The members of Los Lichis — José Luis Rojas, Gerardo Monsiváis, Manuel Mathar, and French sound artist Jean Baptiste Favory — are entirely responsible for keeping below the cultural radar. Until recently, their music was only available for…
…purchase in art galleries in Mexico. They have been slow to embrace digital distribution; their Bandcamp is just a couple months old. But from the sounds of this fantastic collection of dessicated art rock, cracked electronic experiments, and AM radio intrusions, their emergence from the shadows feels long overdue.
While the two-LP set isn’t arranged chronologically, listening through reveals how these men evolved as musicians and improvisers. Their work from the late ’90s—made before the arrival of Favory and his synthesizers—is rough-hewn and exploratory, built from junky-sounding drum machine rhythms and warbling electronic melodies. It has the excitement of Morton Subotnick compositions. Other tracks from that era, like the loopy and drowsy “Opium Boogie” and Throbbing Gristle-esque “Osaka ’77,” are a little more direct but remain suffused with a healthy dose of tape hiss and a playful energy.
As a producer, Favory’s input through the ’00s on helped bring Los Lichis even further into focus. Favory met Mathar and Monsiváis when the pair showed their art at Paris’s International Contemporary Art Fair (FIAC) in 2000, and since then, he has been a satellite member of the group, visiting Mexico once a year for improv sessions and performances. His impact helped clean up their recordings considerably, and it also brought a welcome psych rock influence to the proceedings. “L’Origine de la Guitare Fantôme” slinks from its slow, glittery build into a nicely dawdling Dead-like jam punctuated by insistent keyboard bleats. “L’Inévitable Catastrophe,” meanwhile, has the overwhelming gush of a Loveless interlude.

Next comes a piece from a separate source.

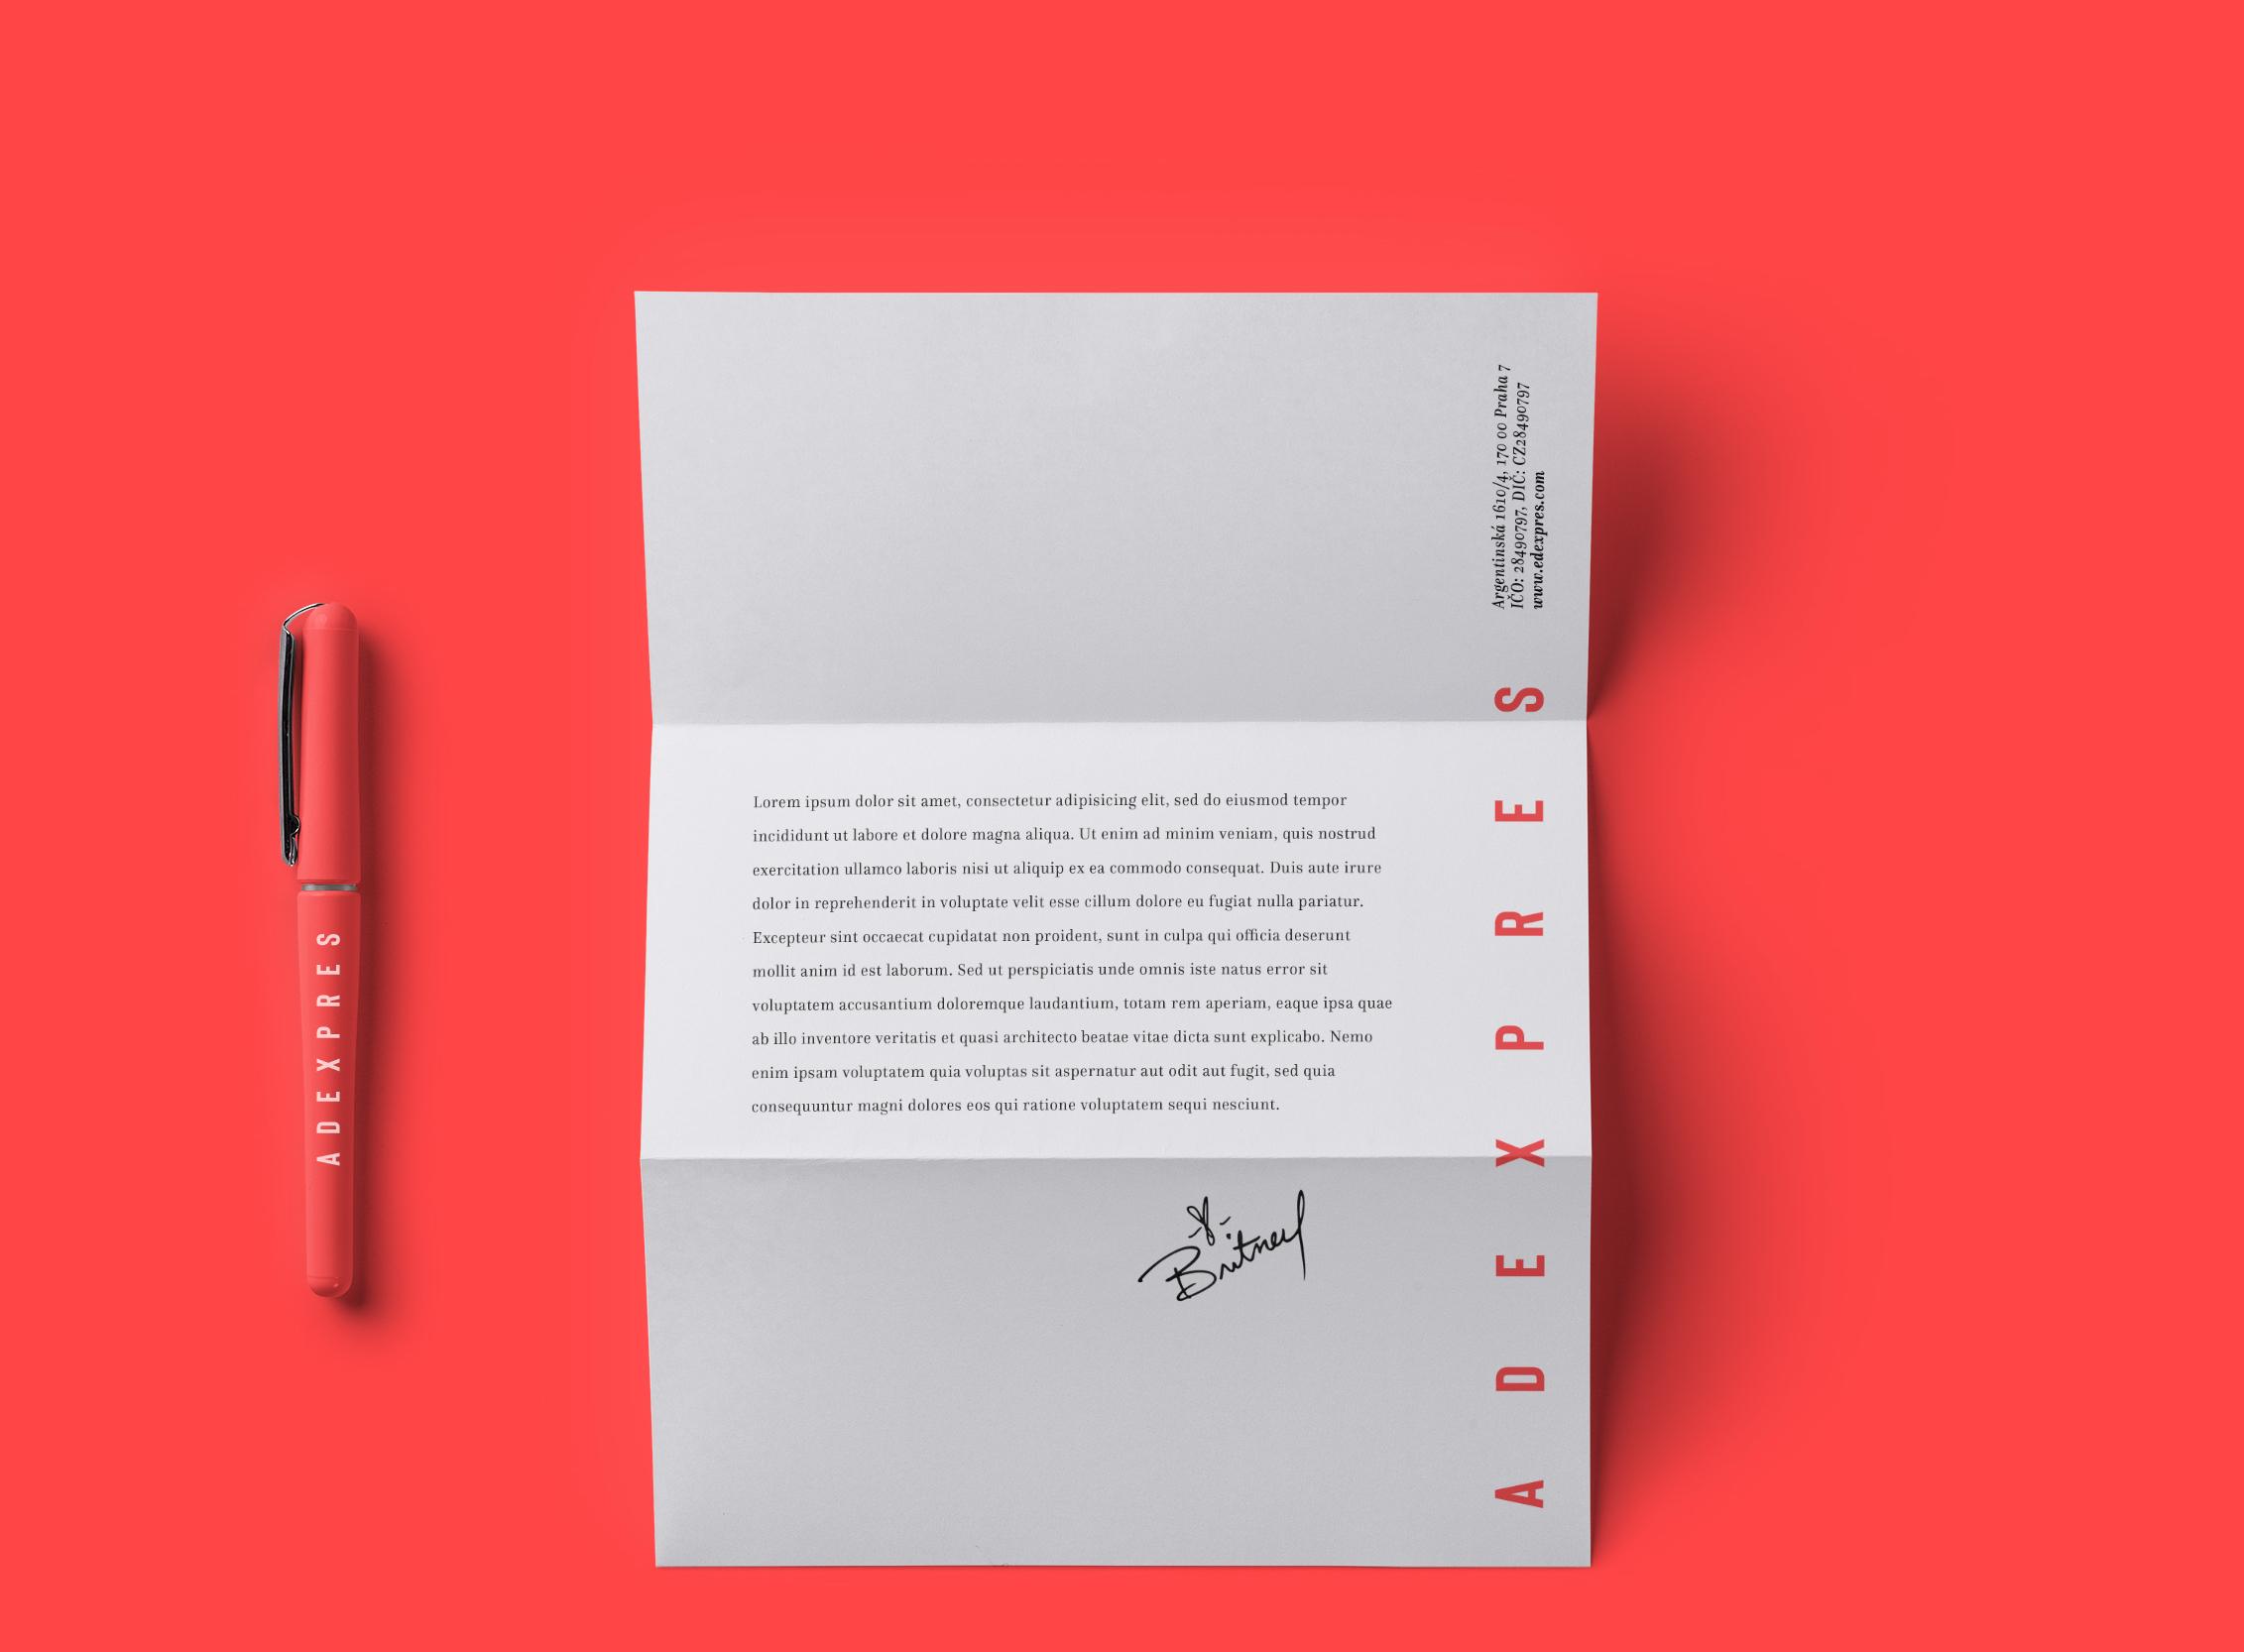 Nová vizuální identita agentury Adexpres na dopisním papíře, zdroj: Adexpres

What this collection is missing is the more overt political commentary that has been central to the visual work that Los Lichis has done on their own and as a collective. There are hints within certain song titles—the early Sonic Youth sounding “Krondstat Variation” is an apparent reference to the site of a major uprising during the Russian Civil War, and an overmodulated blues jam from 2002 is given the name “Eva und Adolf”—but otherwise, the music could have even more impact if married with some of the group’s striking videos and paintings. Even without visual accompaniment, Los Lichis retain that naturalistic spark and simmering wildness that only the best improvised music can provide.